La rassegna ha dimostrato la sua natura inclusiva anche verso le nuove generazioni. Il 24 giugno, in concomitanza con la Festa della Bandiera Blu 2026, la Palestra Comunale ha cambiato volto per accogliere Circo. Sogno a occhi aperti. Sette artisti sul palco (La Mura, i Napodano/Napolano, Mosca, Ardovino, Di Matteo e Visco) hanno offerto un pomeriggio di acrobazie e magie, dimostrando come il teatro possa parlare a ogni età.
L’attenzione è ora tutta rivolta a domenica 28 giugno, quando il Teatro Paradiso ospiterà una delle tessere più pregiate del mosaico di questa rassegna: il nuovo monologo di Lella Costa, intitolato “La Fata”.
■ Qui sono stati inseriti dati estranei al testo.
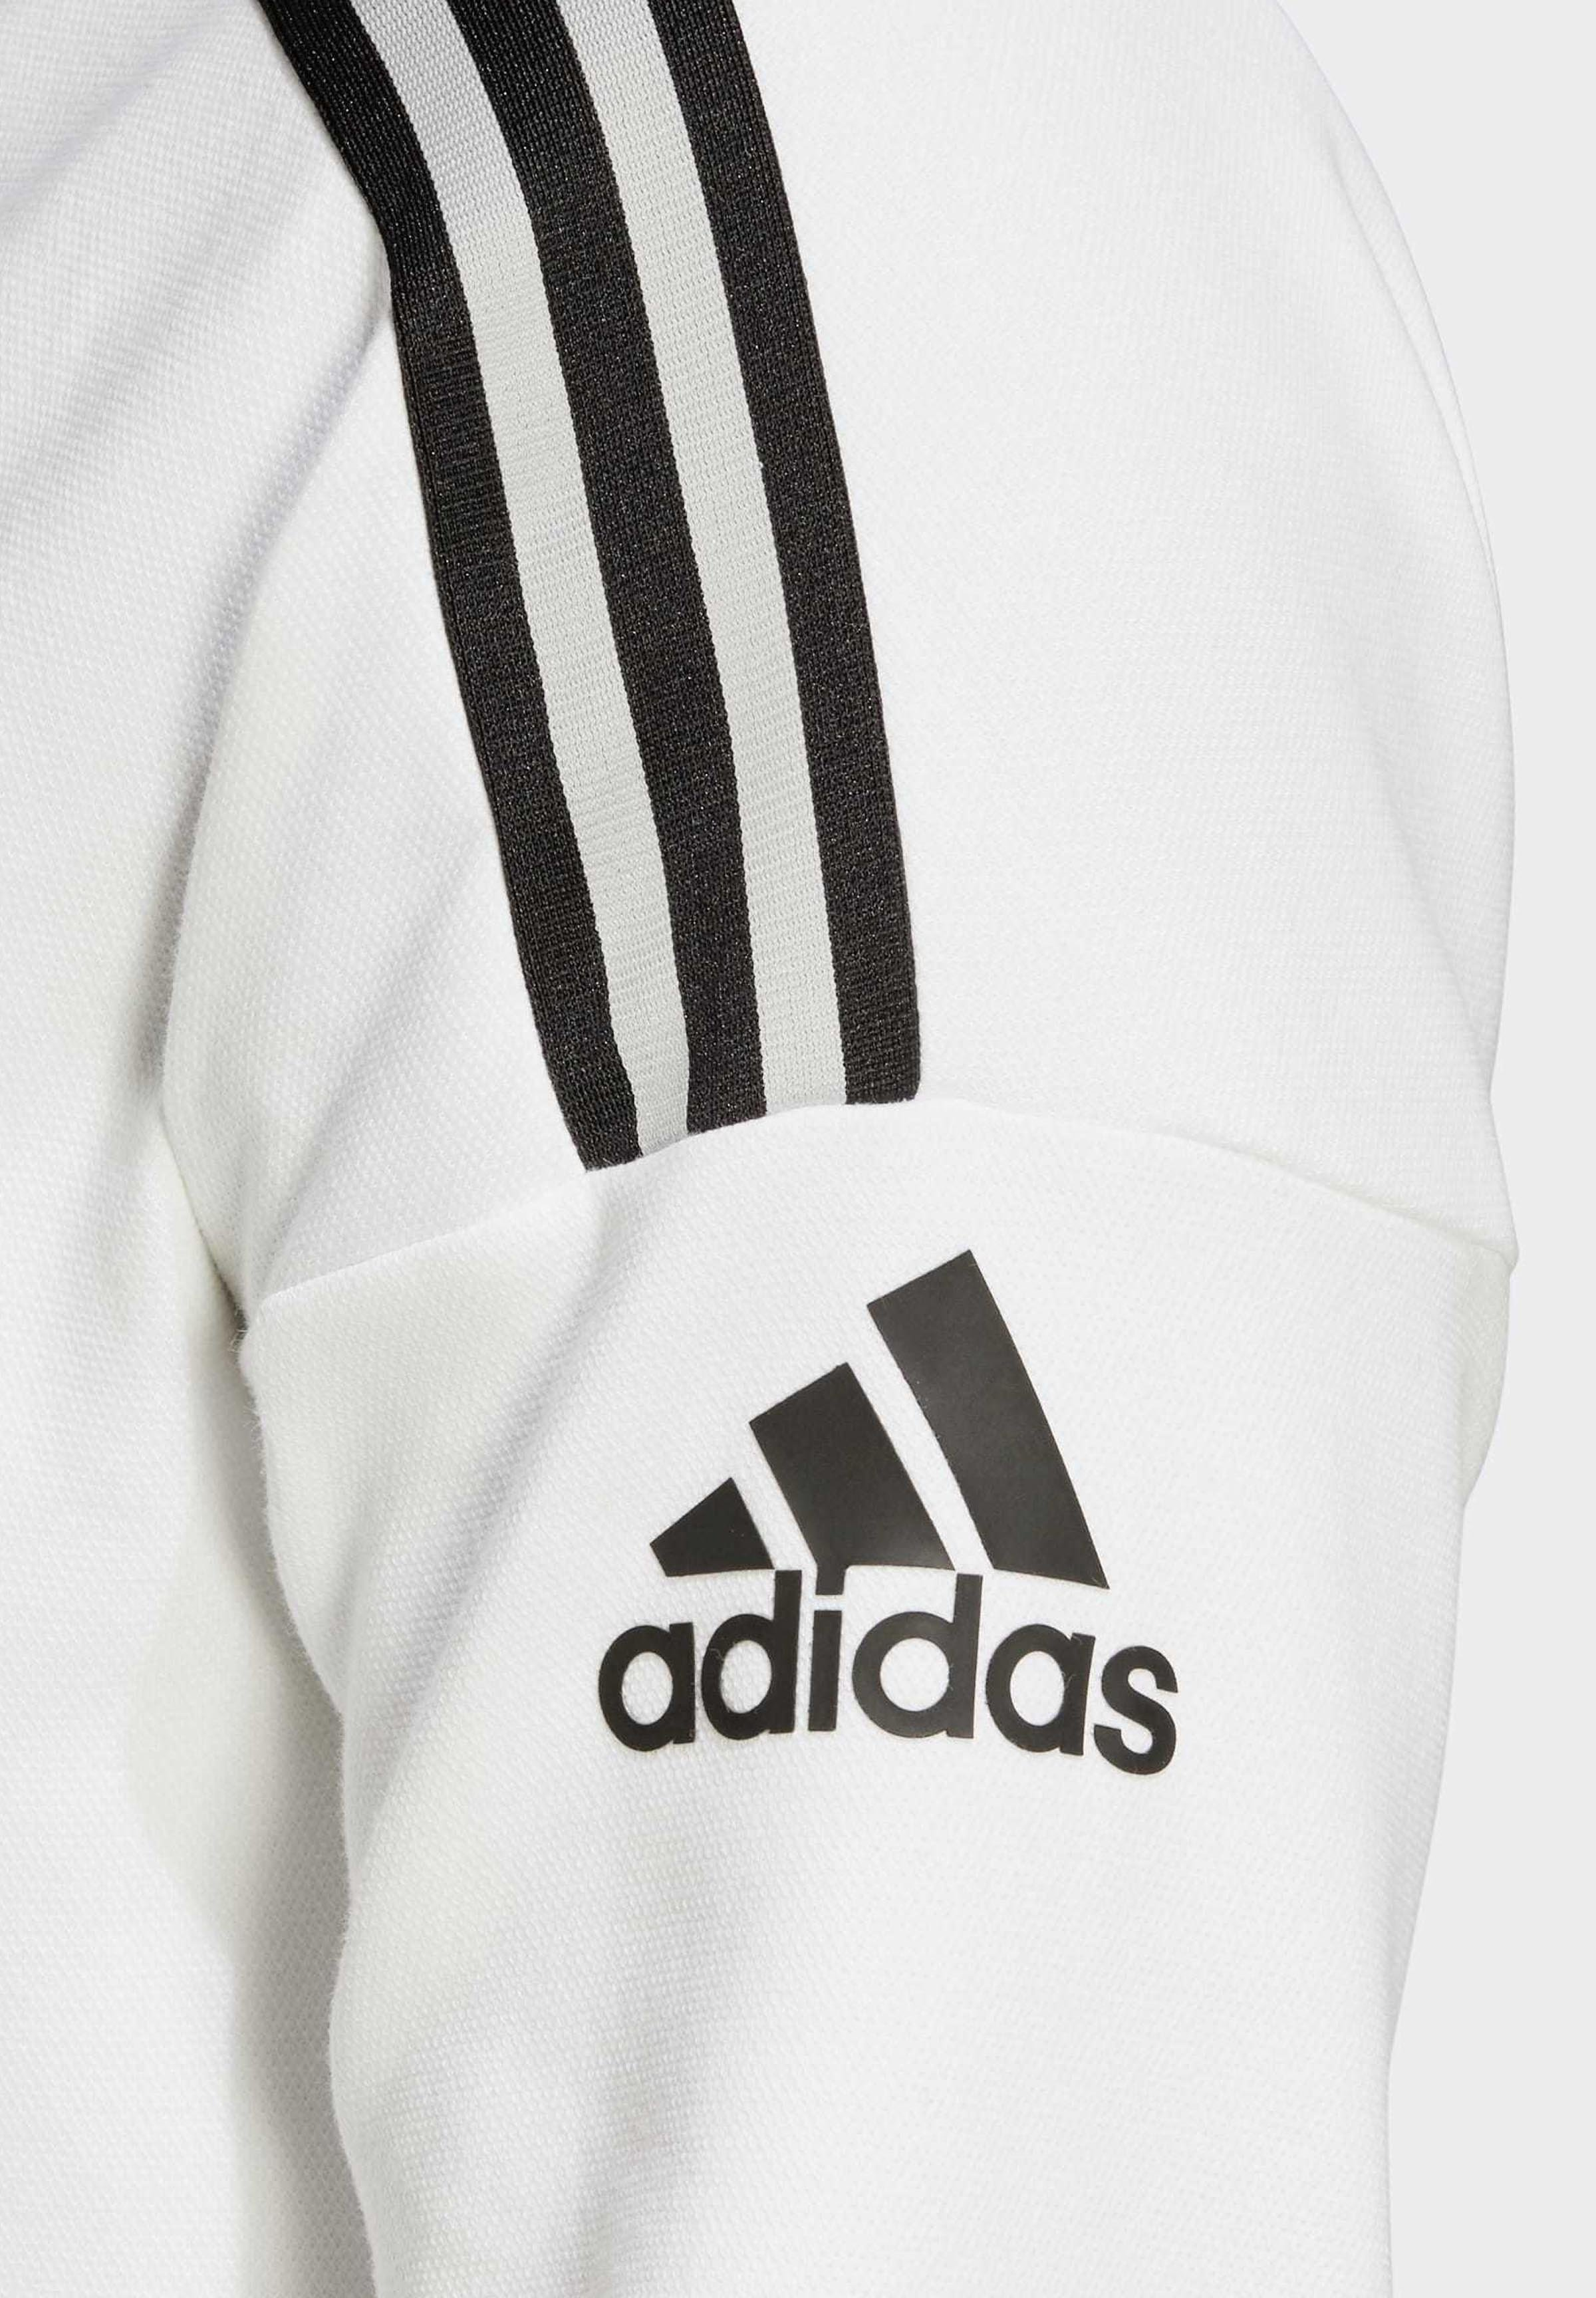 Adidas Performance Z.n.e. 3-stripes Hoodie - Met Rits White

L’attrice, oggi tra i nomi più autorevoli del panorama teatrale e direttrice del Teatro Carcano di Milano, porta sul palco una riflessione incentrata sulla Fata Turchina, l’unico personaggio femminile delle avventure di Pinocchio. Una figura enigmatica, mutevole, che appare e scompare nel classico di Collodi per guidare il burattino in un percorso allegorico e di crescita.
Attraverso una scrittura ironica e arguta, Lella Costa esplorerà le mille sfaccettature di questo personaggio – contemporaneamente madre, sorella, bambina e anziana – trasformandolo in uno specchio in cui lo spettatore può guardare la propria anima. Un’ora e un quarto di spettacolo che promette di coniugare la consueta leggerezza dell’attrice con una profonda e autentica riflessione sulla vita.
Maggiori informazioni riguardante l’evento:
“La Fata” di e con Lella Costa (Produzione Teatro Carcano) al Teatro Paradiso, Anacapri – Domenica 28 giugno 2026, ore 21:00
Ingresso gratuito fino a esaurimento posti.
È previsto un servizio di navetta gratuita con partenza da Capri alle ore 20:30 per agevolare il rientro e l’afflusso del pubblico.